# GT frame sizing



## Brett K (Feb 2, 2017)

I have been looking at several mountain bikes and decided that medium is my ideal frame size. I am 5'9" with a 29" inseam. After shopping several brands i found a GT Backwoods expert at Performance Bike Center at a great deal. However, the frame sizing threw me off as there is xs s sm m ml l,etc. the only bike there was a small medium with 27.5 tires and it felt the same as what I recall from a medium a week ago.

I am concerned I went too small. I cannot find any reference to determine what size a small medium is in inches. I am worried i was standing to far forward or that I was just happy to have found such a good deal and made a poor choice in size. Does anyone know what size the small medium frame is?


----------



## jestep (Jul 23, 2004)

The SM and M should essentially be the same except the wheel size is different. Performance and others are starting to use a sizing method where the smaller frames use smaller wheels to lower the BB, but the ones in the middle that cross over from 27.5 to 19" wheels will likely share a frame size.

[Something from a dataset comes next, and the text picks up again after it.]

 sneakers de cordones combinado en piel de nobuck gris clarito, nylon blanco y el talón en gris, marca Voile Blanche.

In this case of this bike, I think the SM and M are going to be extremely close in geometry. You may want to look at getting properly sized which will tell you if you might be better off with a longer stem or wider bars, but I doubt this bike is way too small for you.

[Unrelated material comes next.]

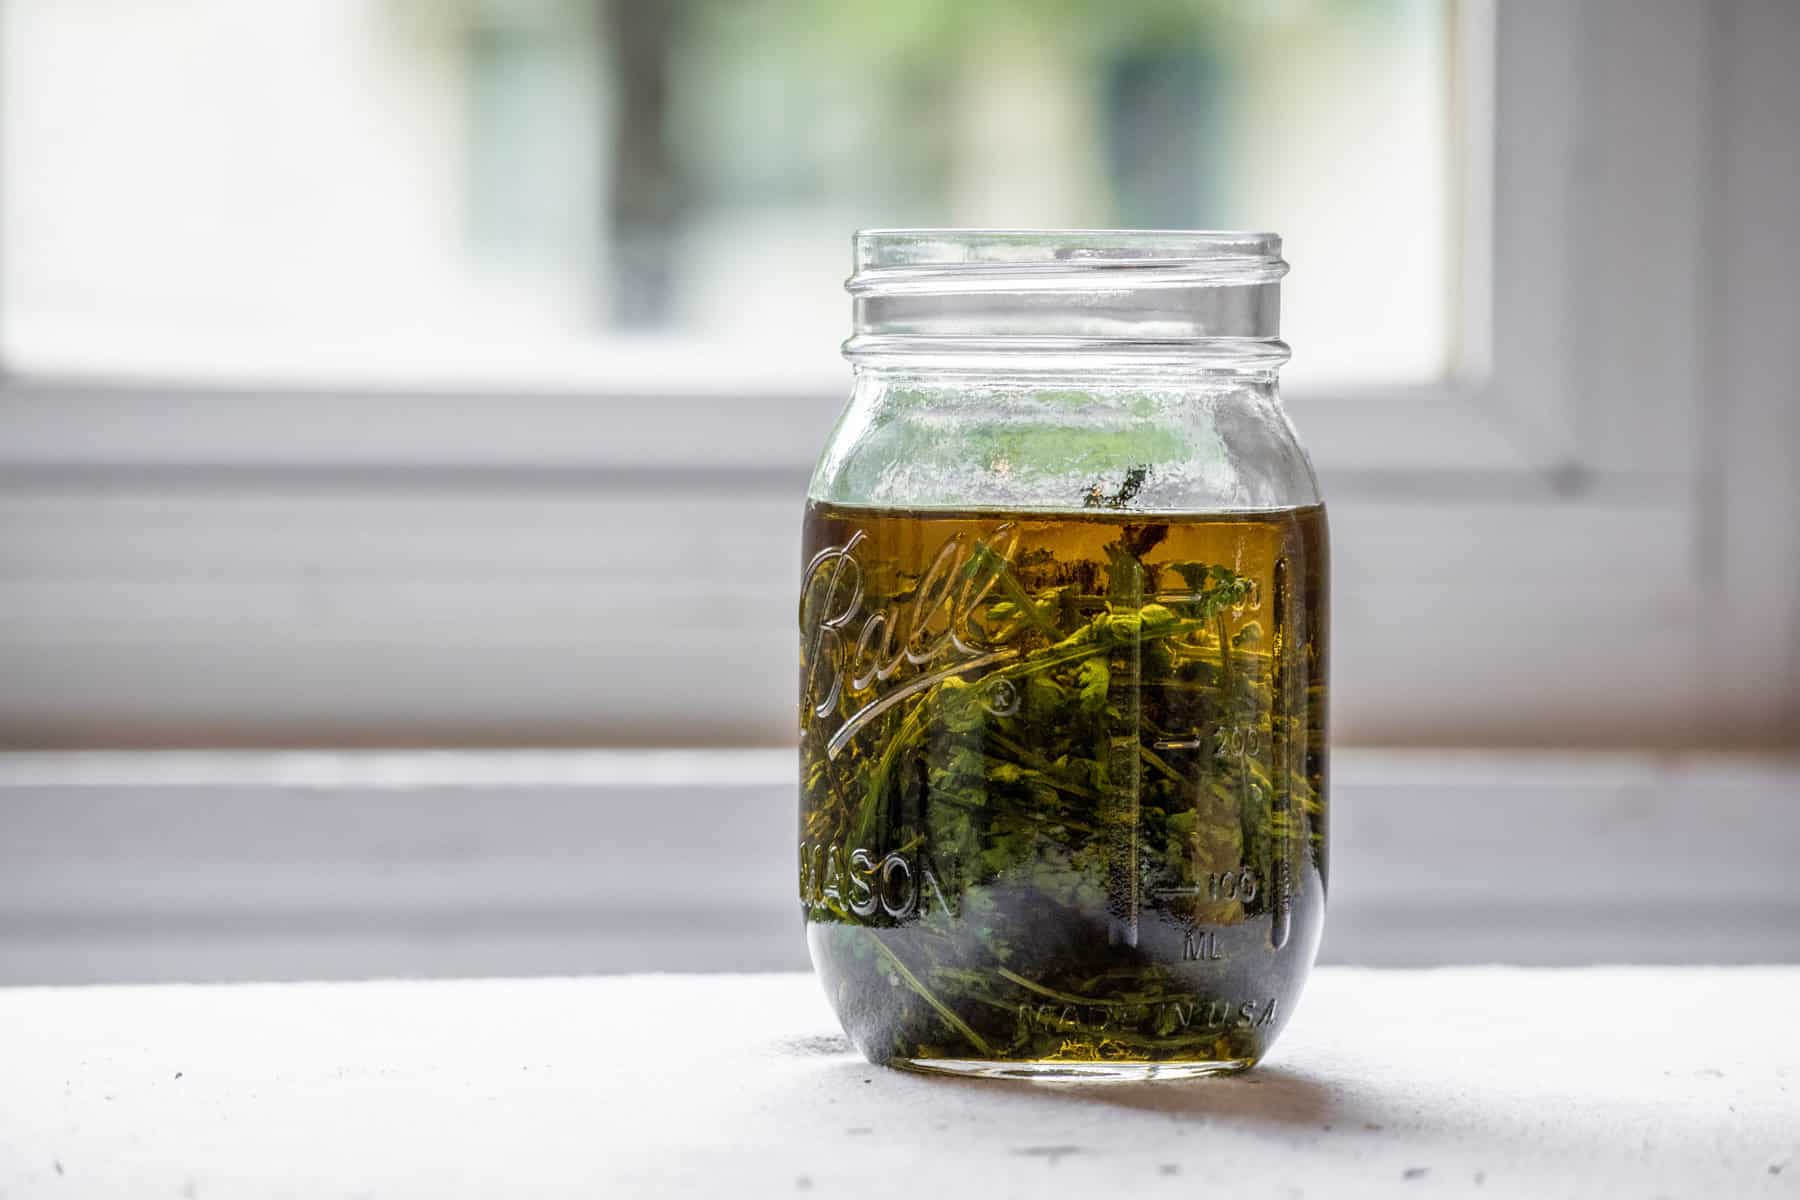 A jar of yarrow oil infusing near a window

Just ride it a bunch and see how it feels. In any case, it's not like you purchased a bike for a 4'8" rider, so you should be able to ride this just fine even if it isn't a 100% to the mm perfect fit.


----------



## eb1888 (Jan 27, 2012)

Standover has nothing to do with sizing for riding. Reach tells you something about the cockpit fit. That tells you how you fit feel when you are on the bike on trails. I don't think DB list reach so you may have to use top tube length. I don't recommend 27.5 for someone your height.


----------



## jimbowho (Dec 16, 2009)

Not familiar with Performance Bike Center, don't know why they would not fit you. Also do not know why 650b is not recommended. At 5.9 that says medium to me, maybe even large on some frames with today's short stem Long Bar craze. If you're willing lean against a garage or wall in the standing Attack Mode and have someone take a picture. If it visually looks like your kids bike sometimes that helps. But don't get it dirty yet.


----------



## Brett K (Feb 2, 2017)

The bike is on layaway. I won't be taking it home until I verify the fit.


----------



## jimbowho (Dec 16, 2009)

Well that's for dang sure. I just Googled performance it seems like a big shop they do maintenance and repairs surely somebody knows what's up. Just go ask when it's not busy. there is a lot of variables like riding style, intended use, Terrain in your area, experience. Good luck that looks like a great entry level bike to go out and have a blast. I too have a GT and one thing is for sure they are built to last.


----------



## mack_turtle (Jan 6, 2009)

As a former employee of Perfomance bikes, I would strongly advise against buying a bike there.


----------



## anthdan (Feb 9, 2016)

Check on Performance Bike's web site. The S/M is 17" 27.5 and the M is 16.5" 29". I have a 17" 27.5" GT Outpost from DSG which is essentially the same bike. I think the reach maybe just a little short and I am 5'10". I tried both the S/M and the M at performance and the stand over height was little to much with the 29" wheels. Probably should have gotten the L 27.5 from DSG


----------



## Brett K (Feb 2, 2017)

jimbowho said:


> Well that's for dang sure. I just Googled performance it seems like a big shop they do maintenance and repairs surely somebody knows what's up. Just go ask when it's not busy. there is a lot of variables like riding style, intended use, Terrain in your area, experience. Good luck that looks like a great entry level bike to go out and have a blast. I too have a GT and one thing is for sure they are built to last.


Thanks! 
At $640, I couldn't pass it up. I will have $70 in store credit towards some mods too. From the way it sounds, I should be close enough that some minor tweaks could get me in the proper position. I will get a second opinion on the fit before I take it home though.


----------



## Brett K (Feb 2, 2017)

anthdan said:


> Check on Performance Bike's web site. The S/M is 17" 27.5 and the M is 16.5" 29". I have a 17" 27.5" GT Outpost from DSG which is essentially the same bike. I think the reach maybe just a little short and I am 5'10". I tried both the S/M and the M at performance and the stand over height was little to much with the 29" wheels. Probably should have gotten the L 27.5 from DSG


I looked and looked and couldn't find that info. Can you provide a link. I read somewhere there that the performance fit implied 16" and below get 27.5 and 17" and above were 29" which is what caused my concern about frame size.


----------



## anthdan (Feb 9, 2016)

Click on Sizing Chart

Sizing Chart: GT Backwoods Expert Mountain Bike - Performance Exclusive


----------



## anthdan (Feb 9, 2016)

I have upgraded saddle, pedals, handlebars, and grips. My handlebars were only 640 so you should be OK. Great bike for the money. You will love it

Also upgraded the fork to Recon Silver which you have already. Ride it and enjoy!


----------